Sherif Younis, a historian at Helwan University, sees the Brotherhood control over Al-Azhar as a product of state absence.
“The Brotherhood managed, as they did with every institution in this country, to fill the vacuum of the state; which remained too concerned with security,” he says.
Younis argues that it was former President Gamal Abdel Nasser who paved the ground for this strong Brotherhood presence — for instance, efforts to introduce liberal arts education into Al-
Azhar’s curriculum allowed the Muslim Brotherhood to easily influence the institution.
“The Brotherhood student movement is the product of modern education in Egypt, as we have seen in the strong presence created in the 1970s by the Muslim Brotherhood student leaders in schools of medicine and engineering in Egyptian universities,” he explains.
Younis also adds that the teaching methods in Al-Azhar depend heavily on textbooks that show only one-sided analysis and arguments.
“These teaching methodologies introduced more extremism inside Al-Azhar,” hence providing a fertile environment for the Brotherhood to operate, he says.
For Younis, it was easy for the state to control the institution from the top, by appointing clerics affiliated with the state.

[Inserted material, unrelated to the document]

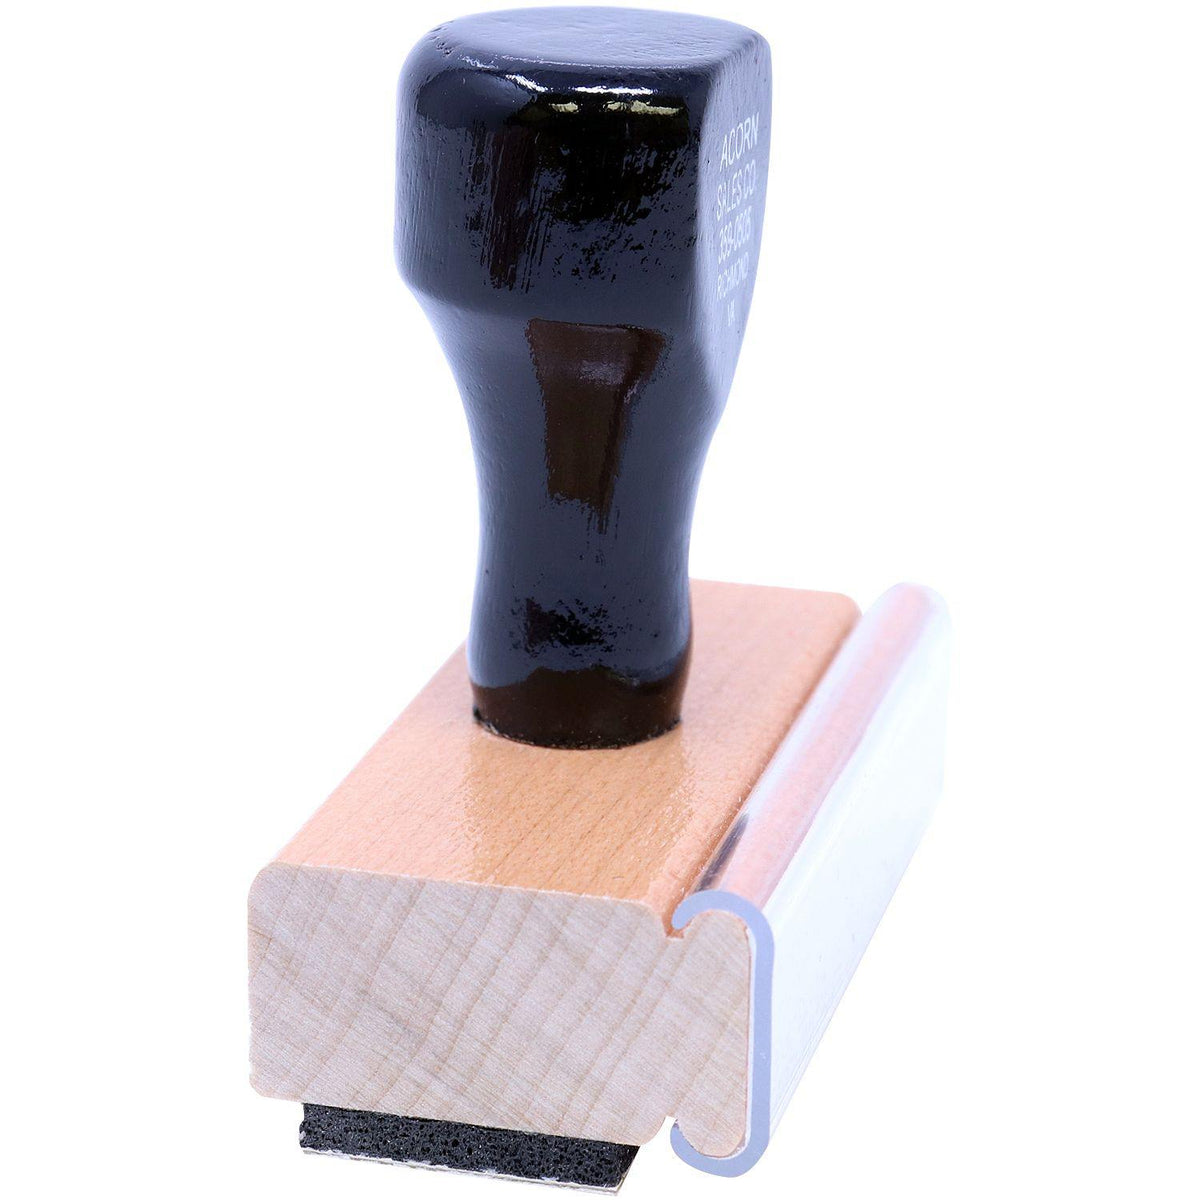 Side View of Large E Mailed Rubber Stamp at an Angle

Today with an ongoing battle between the security apparatus and the Brotherhood of Al-Azhar, it remains to be seen whether this state control over Al-Azhar will continue to unsettled.
For the Brotherhood student leader, real independence of Al-Azhar would show the strength of the Brotherhood.
“We see a contradiction between the institution’s leadership and its grassroots,” he says. “Let us elect the grand sheikh and the situation will completely change, it is as simple as that.”